Leaving the pictures aside, return the listing exactly as it appears.

Dataset section Block Start

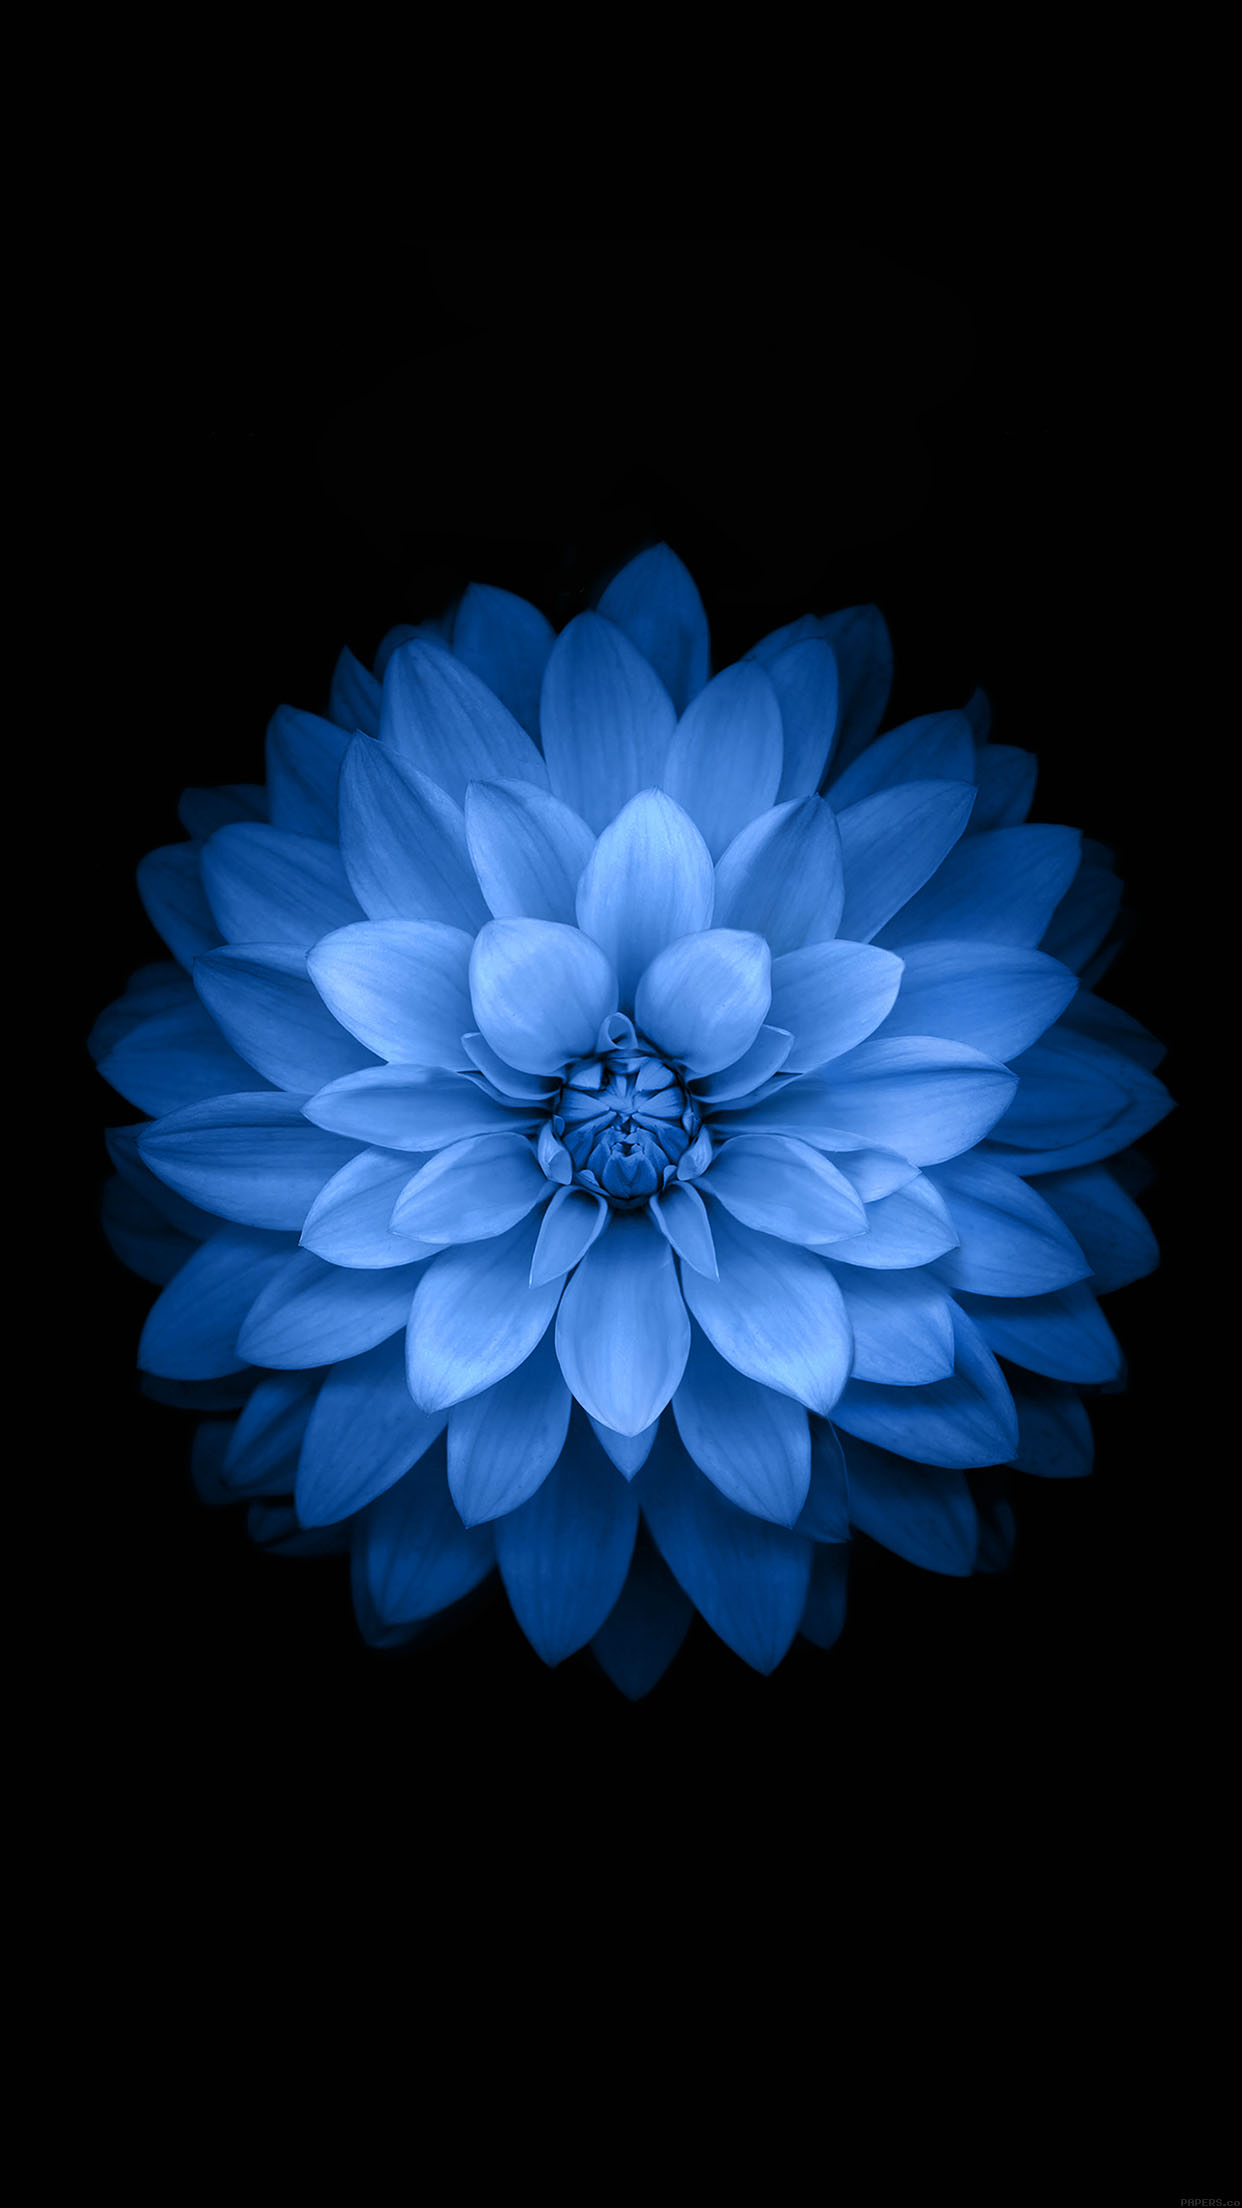 Ac99 Wallpaper Apple Blue Lotus Iphone6 Plus Ios8 Flower
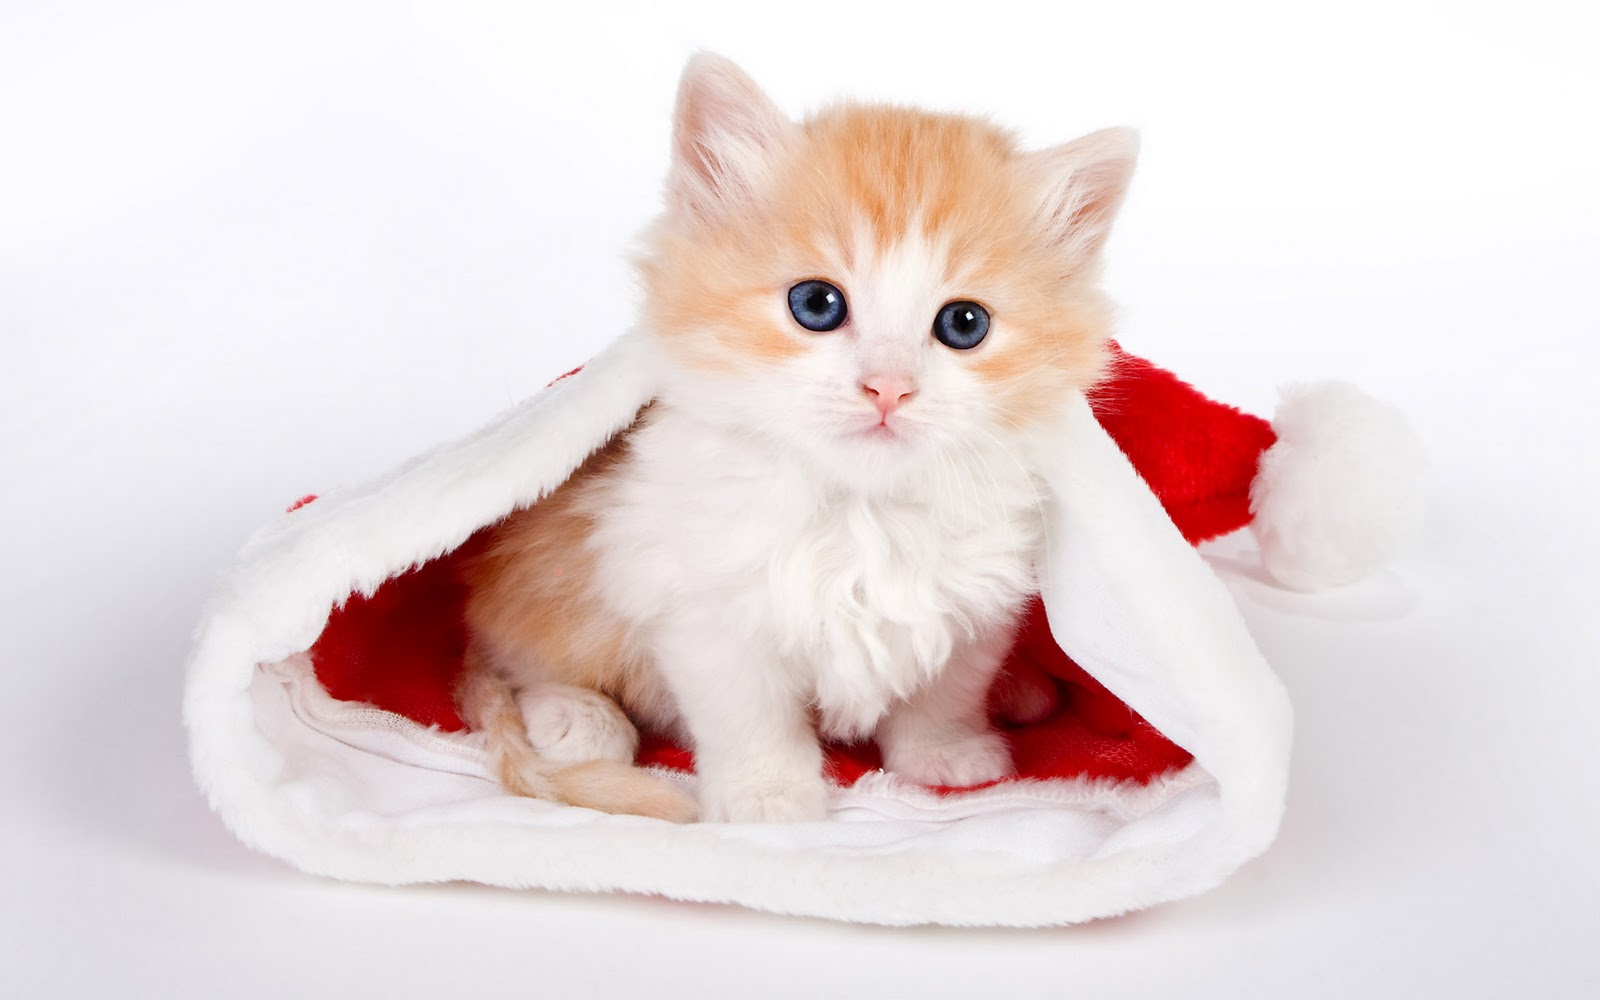 بالصور صور قطط متحركة , صور قطط كيوت 6317 2
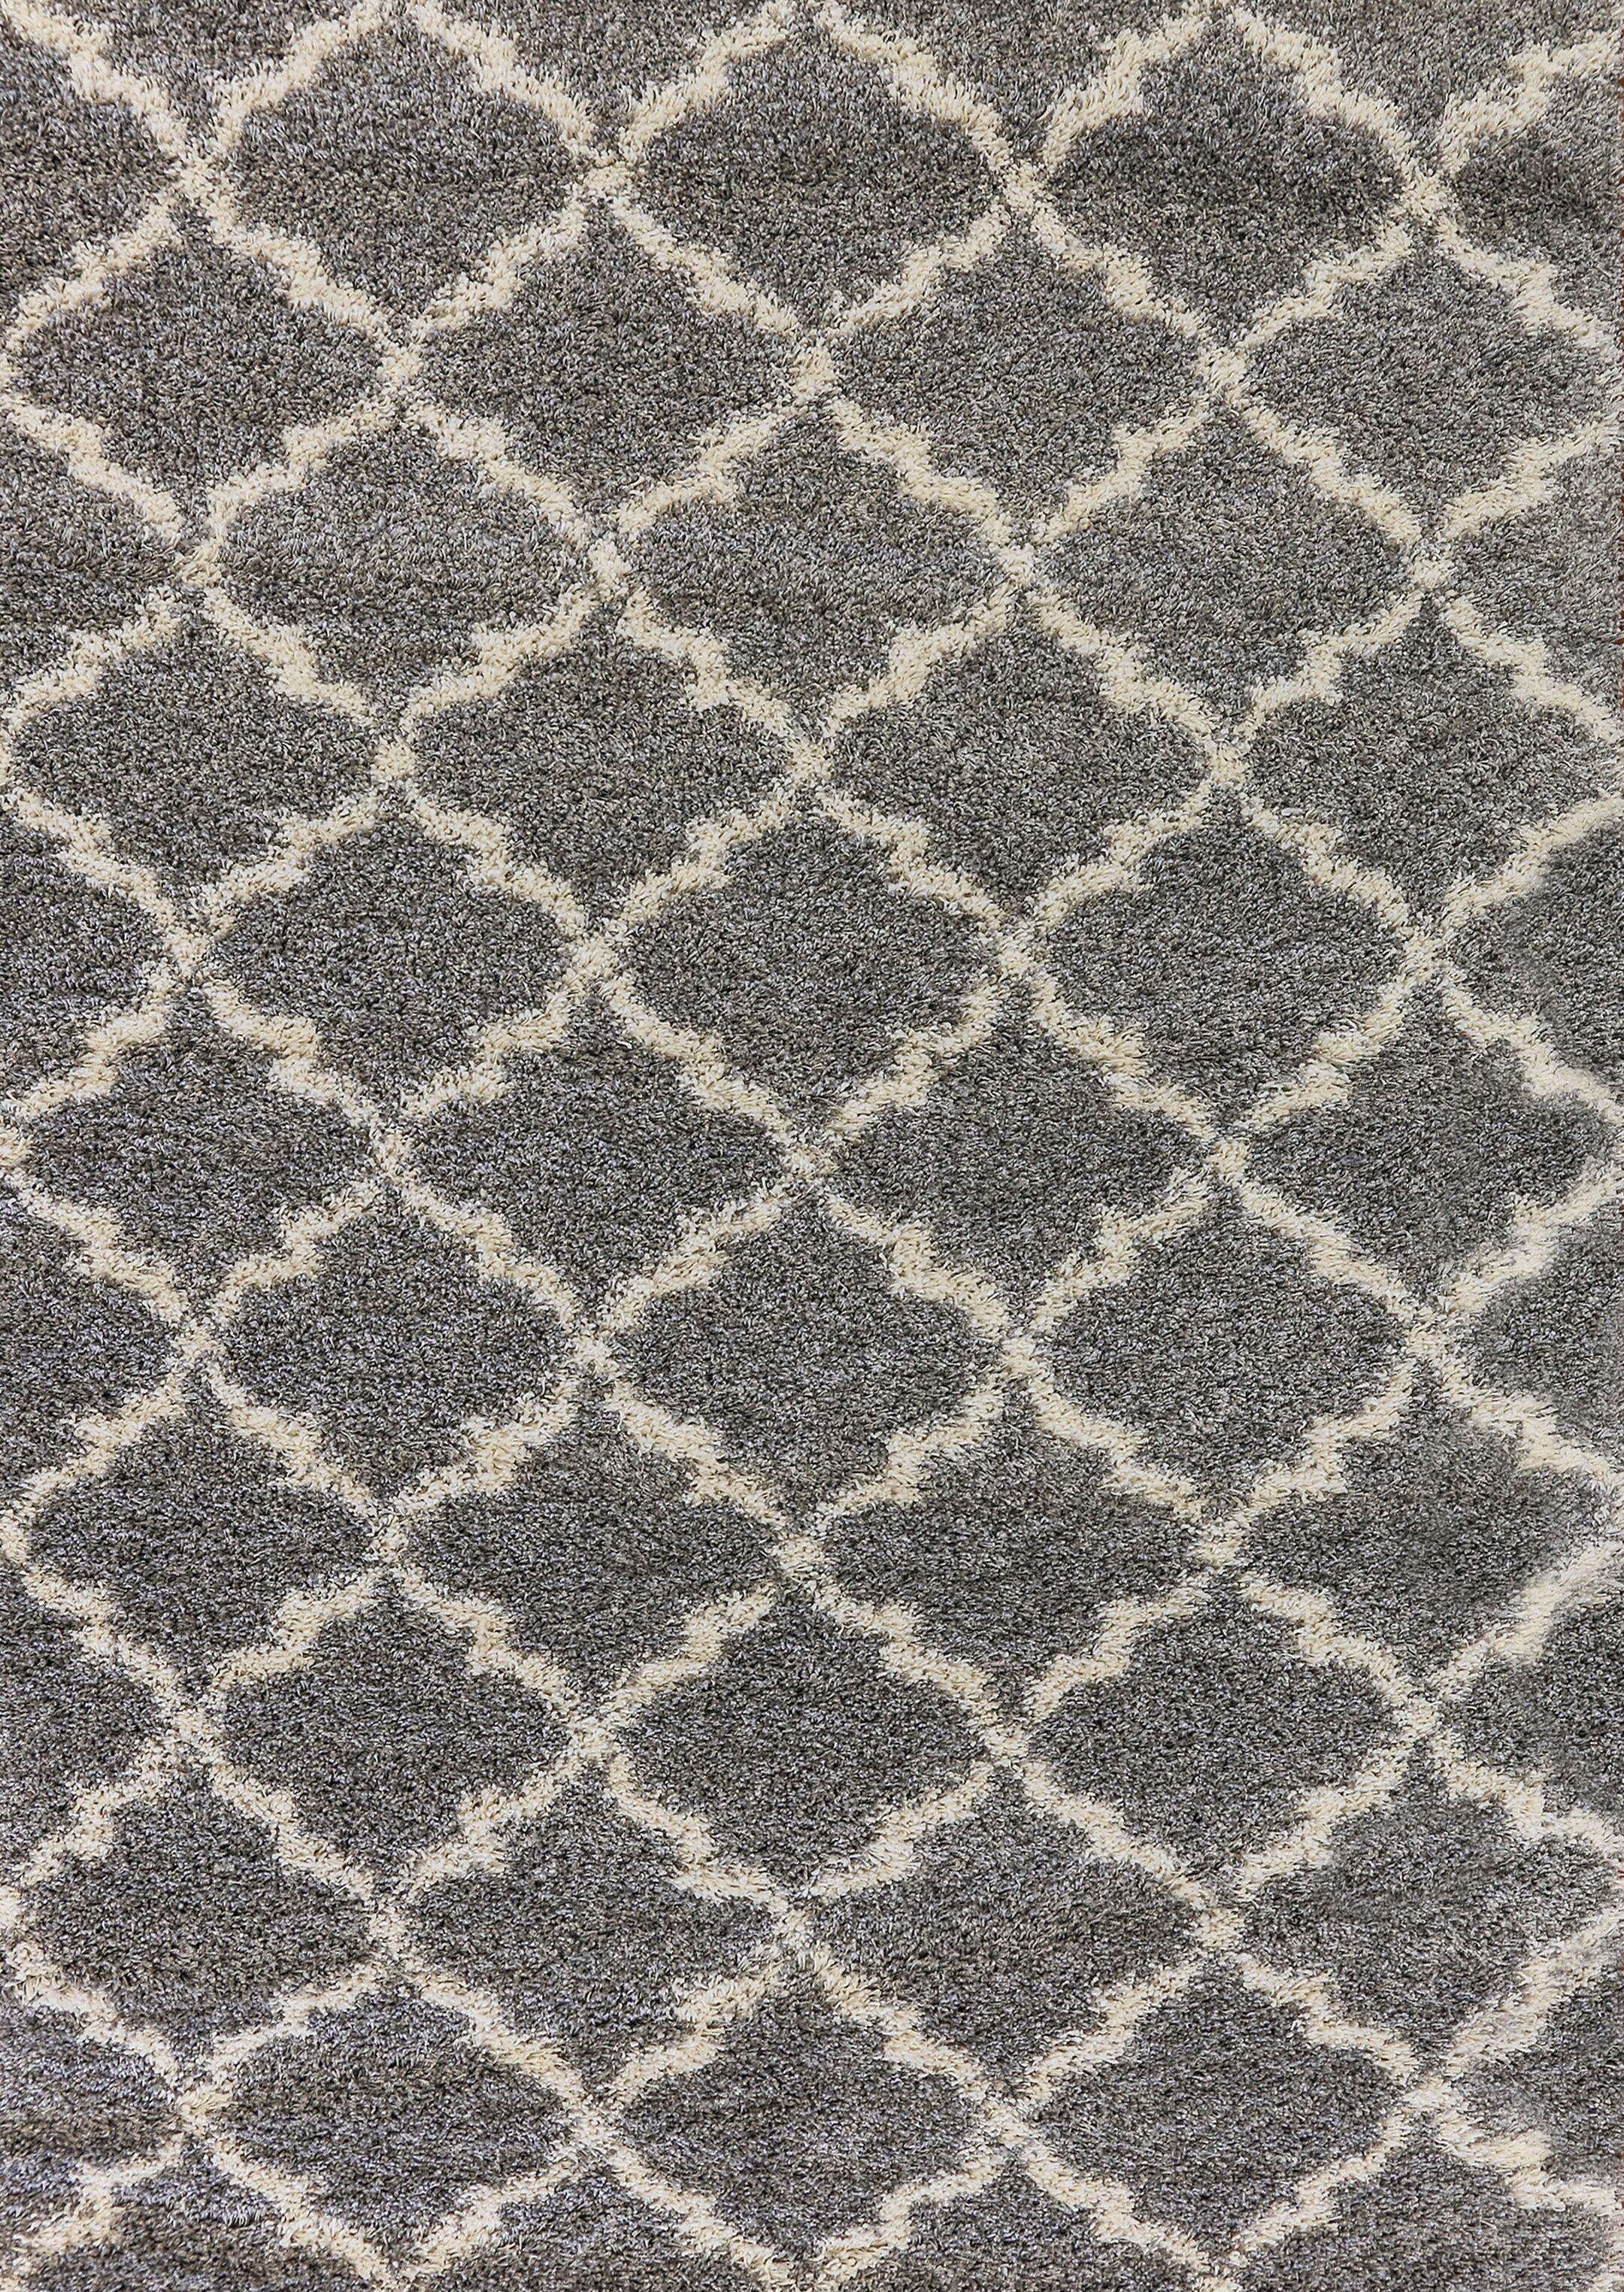 Rieder Gray/Cream Area Rug Rug Size: Rectangle 9'2

Dataset section Block End

> **Written response**:
 Ac99 Wallpaper Apple Blue Lotus Iphone6 Plus Ios8 Flower
 بالصور صور قطط متحركة , صور قطط كيوت 6317 2
 Rieder Gray/Cream Area Rug Rug Size: Rectangle 9'2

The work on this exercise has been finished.